By accounting for the different age groups separately, scenario’s can be simulated for changing the measures where the social distancing behavior of the two different age groups is impacted differently. Examples of such simulations are shown in Figures 6, 7, and 8. It shows that a slight relaxing of the social distancing rules within the younger age group is feasible (in the sense that the health-care system is likelly not to be overrun) at the beginning of May. The evolution of the epidemic is predicted to have the majority of deaths in the older age group, even though the percentage of infections is predicted to be higher in the younger age group. The epidemic would reach a new peak in the summer. Herd immunity (even if limited), in combination with the social distancing, would then level off the epidemic. In such a scenario there thus would not need to be a new lockdown.

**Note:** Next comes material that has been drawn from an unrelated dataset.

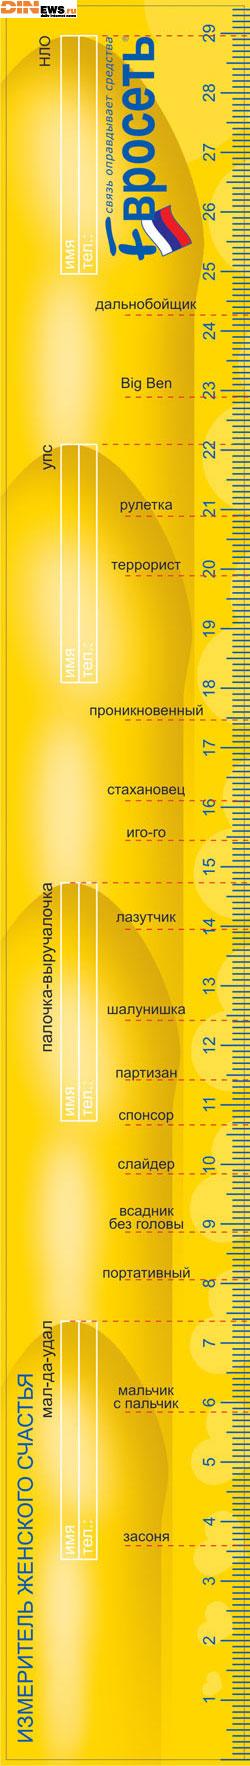 http://www.dinews.ru/newspics/euroset_lineyka.jpg
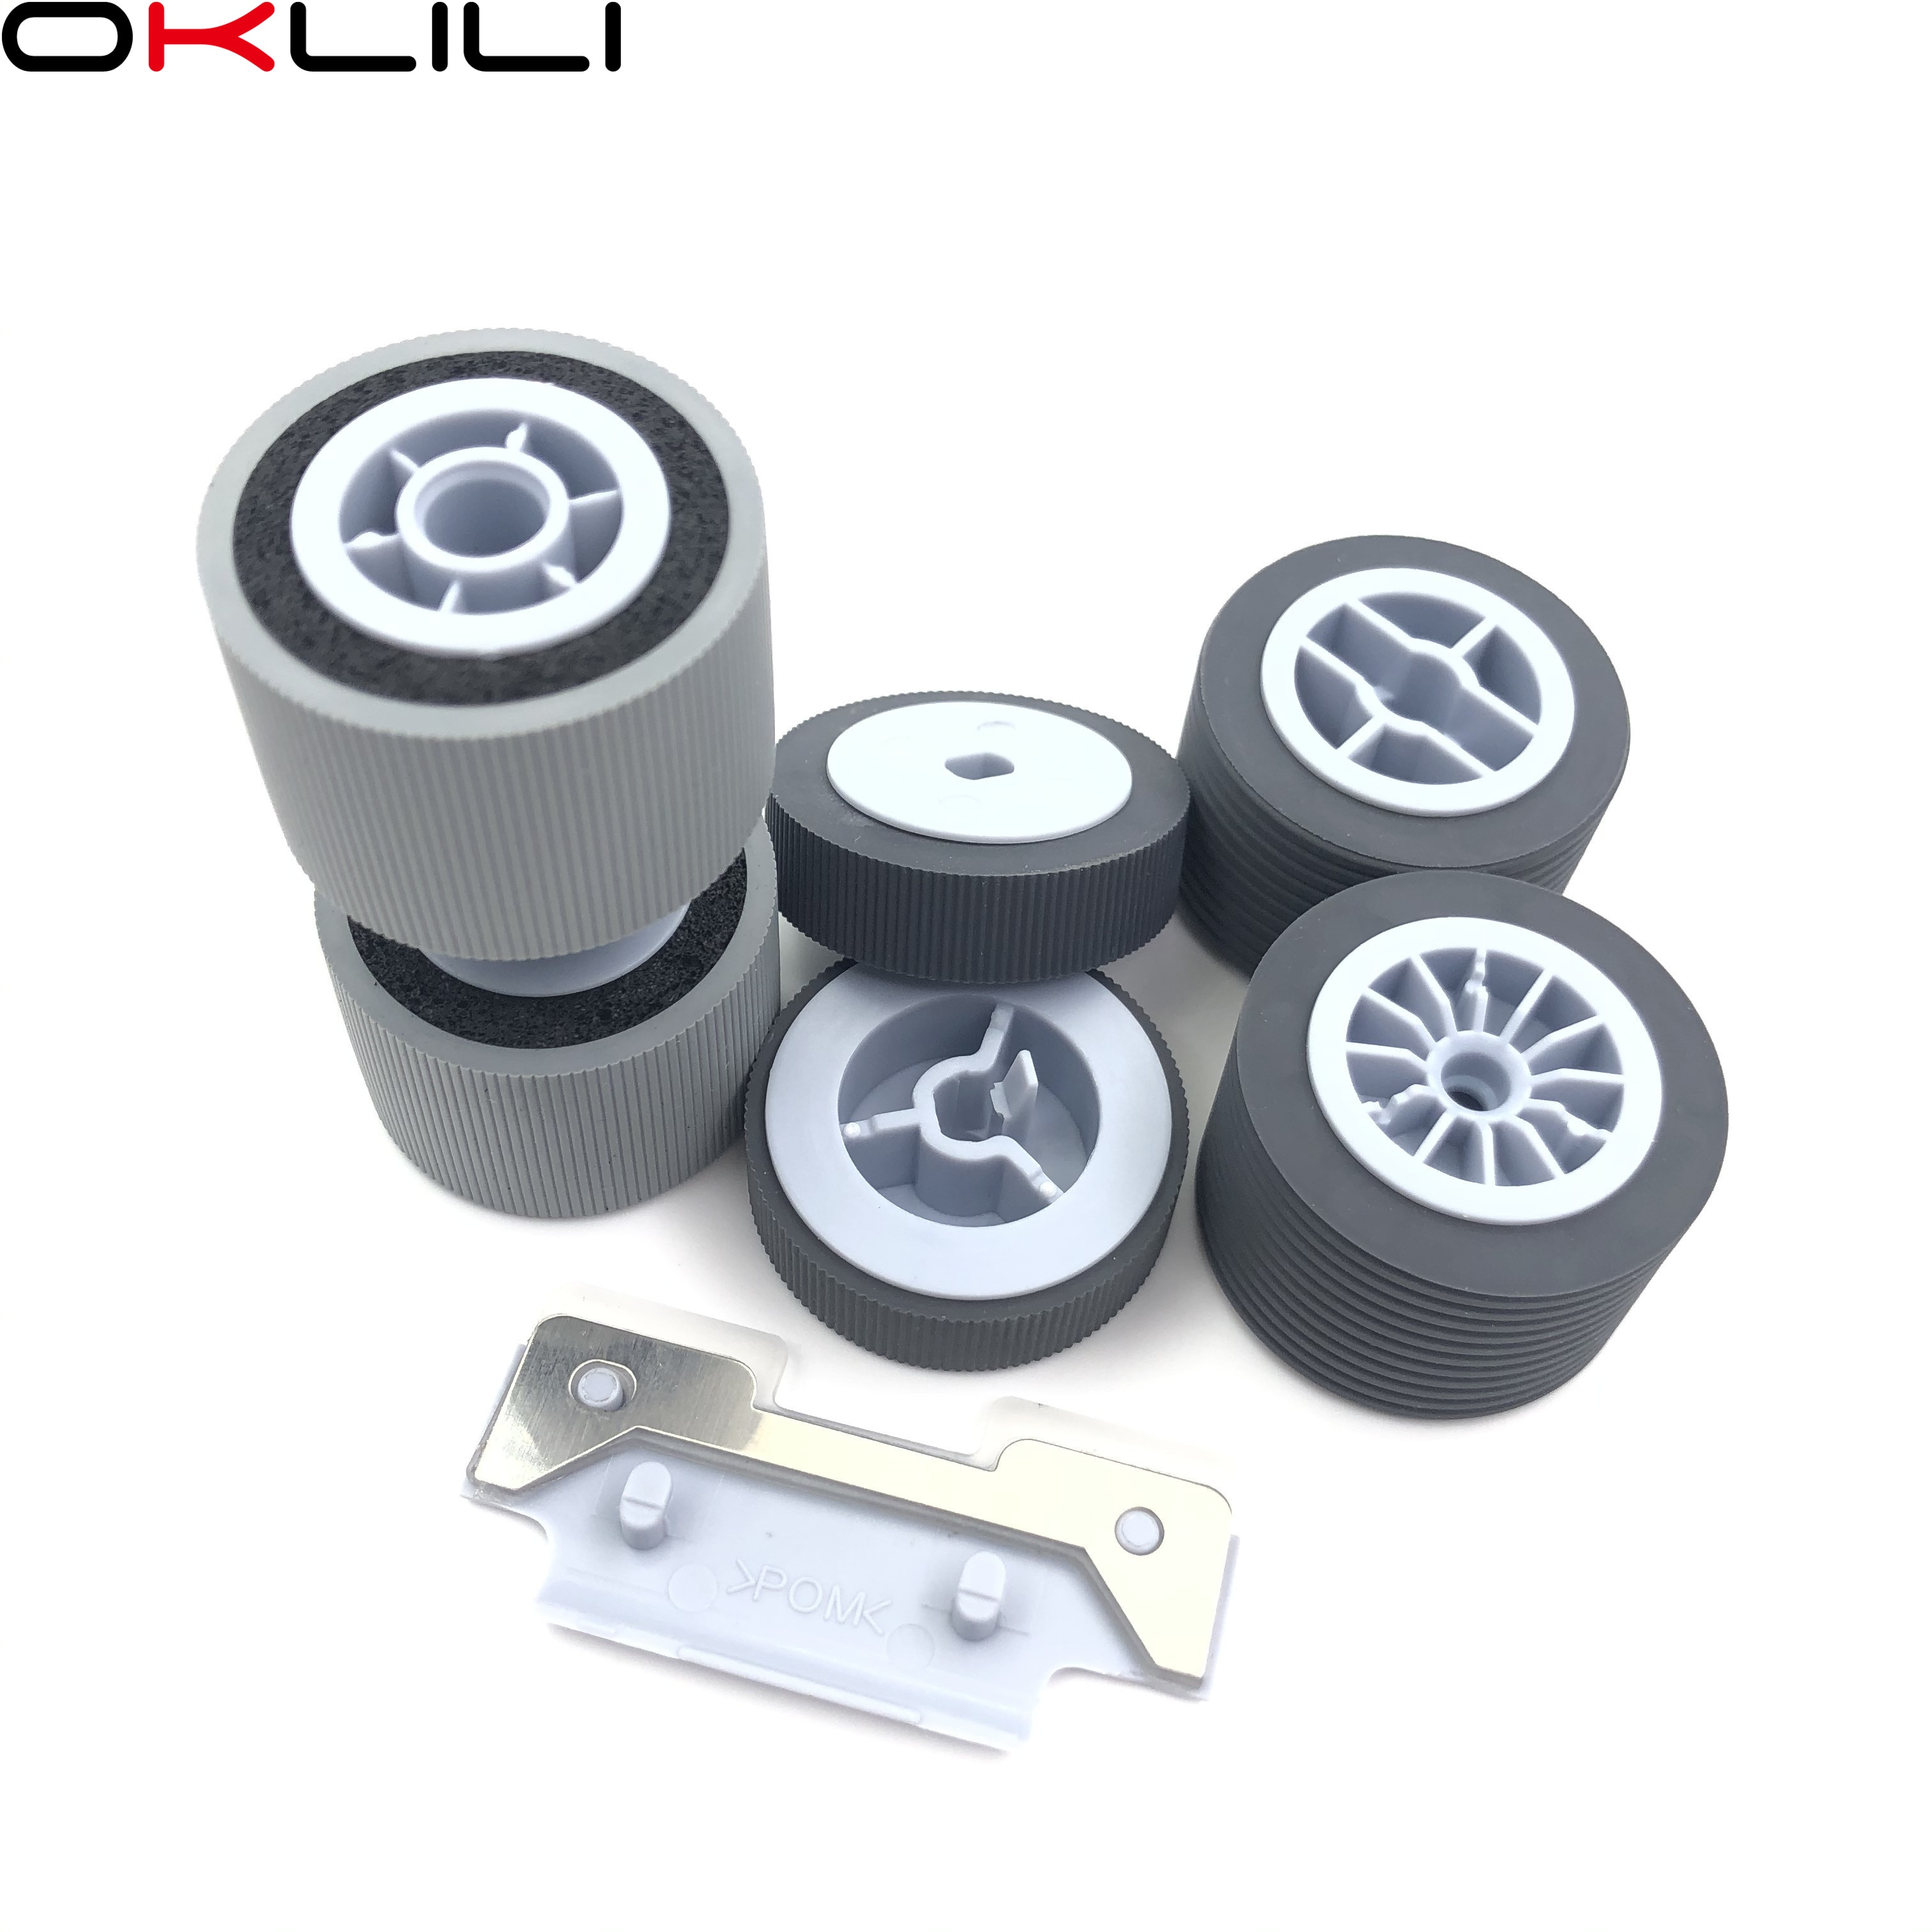 PA03450-K011 PA03450-K012 PA03450-K013 Pad Assy Pick Roller Bremse Separator Roller Roller für Fujitsu fi-5950 fi-5900C fi-5900

Deaths that occur within elderly care centers were excluded from this study. Nevertheless, hospitalization of residents of elderly care centers are a significant part of hospitalizations, and thus the epidemic within the care centers influences this analysis and results. The inferred results cannot be interpreted as applying solely to elderly people living outside elderly care centers. It is plausible that the isolation of elderly people outside ederly care centers is therefore underestimated, which would be beneficial to scenarios where social distancing is being relaxed within the younger age group but maintained (or enhanced) towards and within the older age group.
5 Conclusion
An epidemiological model for COVID-19 was developed which considers the epidemic within the younger age group and older age group separately. The model provides insight in the different evolution of the epidemic in these two age groups, and the interaction between the two age groups, and can be used to evaluate the impact of changes in social distancing measures that treat the two age groups differently.
Data Availability
All data has been made openly available by the Belgian governement (Sciensano).
6 Acknowledgments
We are very grateful for the public sharing of data on the Belgian epidemic, organized by Sciensano, and possible through the daily efforts in Belgian hospitals and care centers.